Here is a little addition to the analysis made by Marion, her report is nice but I would like to add something about the way I used to automatically naming/resolving the imported functions.
The idea is to change instructions like:
.text:0040100B call dword ptr [ecx+220h]
into something like:
.text:0040100B call dword ptr [ecx+_API.malloc]
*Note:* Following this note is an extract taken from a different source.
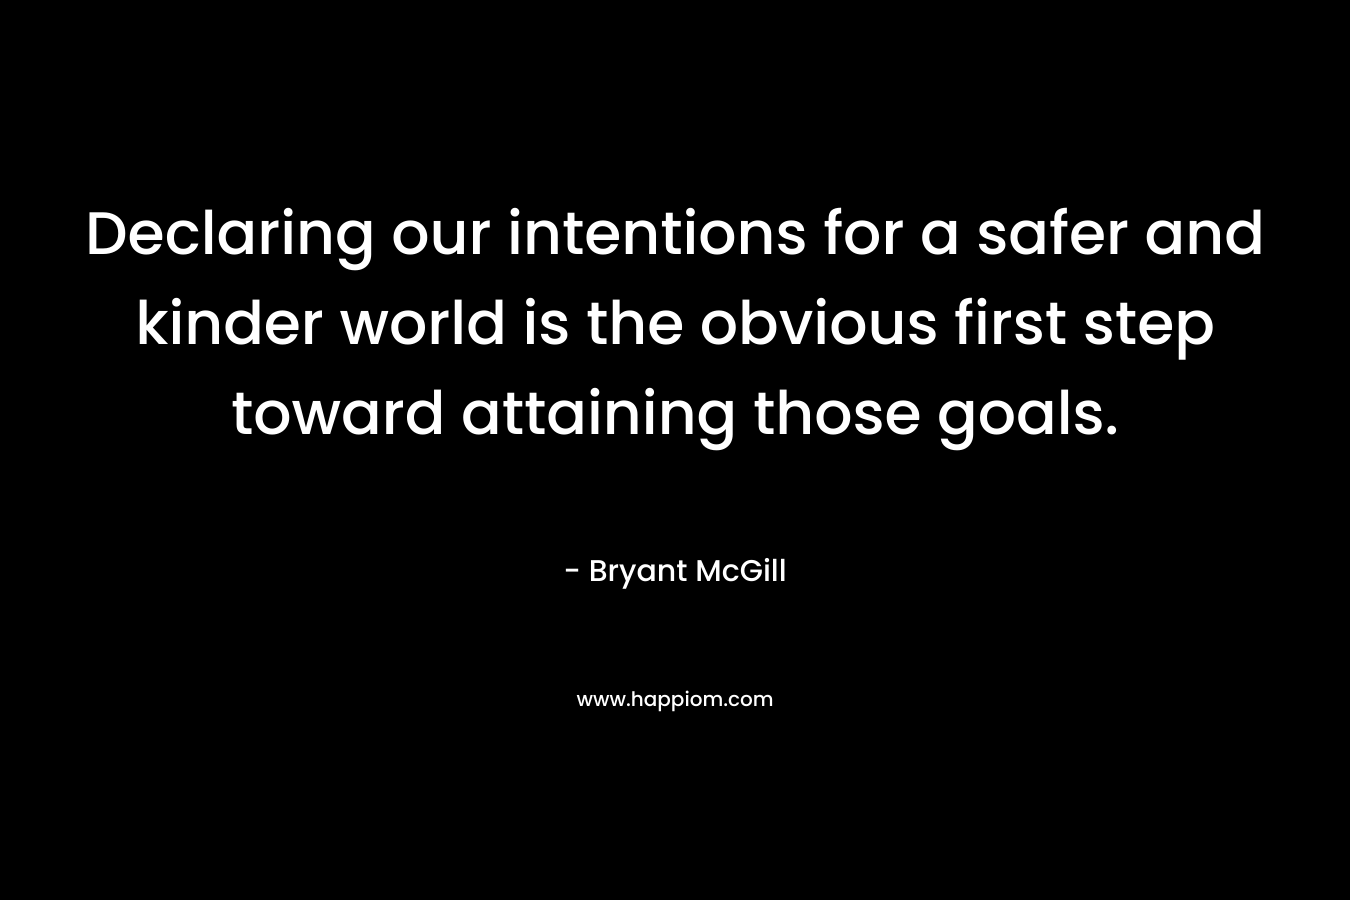 Declaring our intentions for a safer and kinder world is the obvious first step toward attaining those goals. – Bryant McGill

I shared this reversing session with Kayaker, so credit for this post goes to him too.
To perform this switch I have written an IDC script. There are two functions inside it, GetAPINames and ResolveAPINames. The first function is used to retrieve the name of all the hidden API while the other one will change the call instructions into a new readable version.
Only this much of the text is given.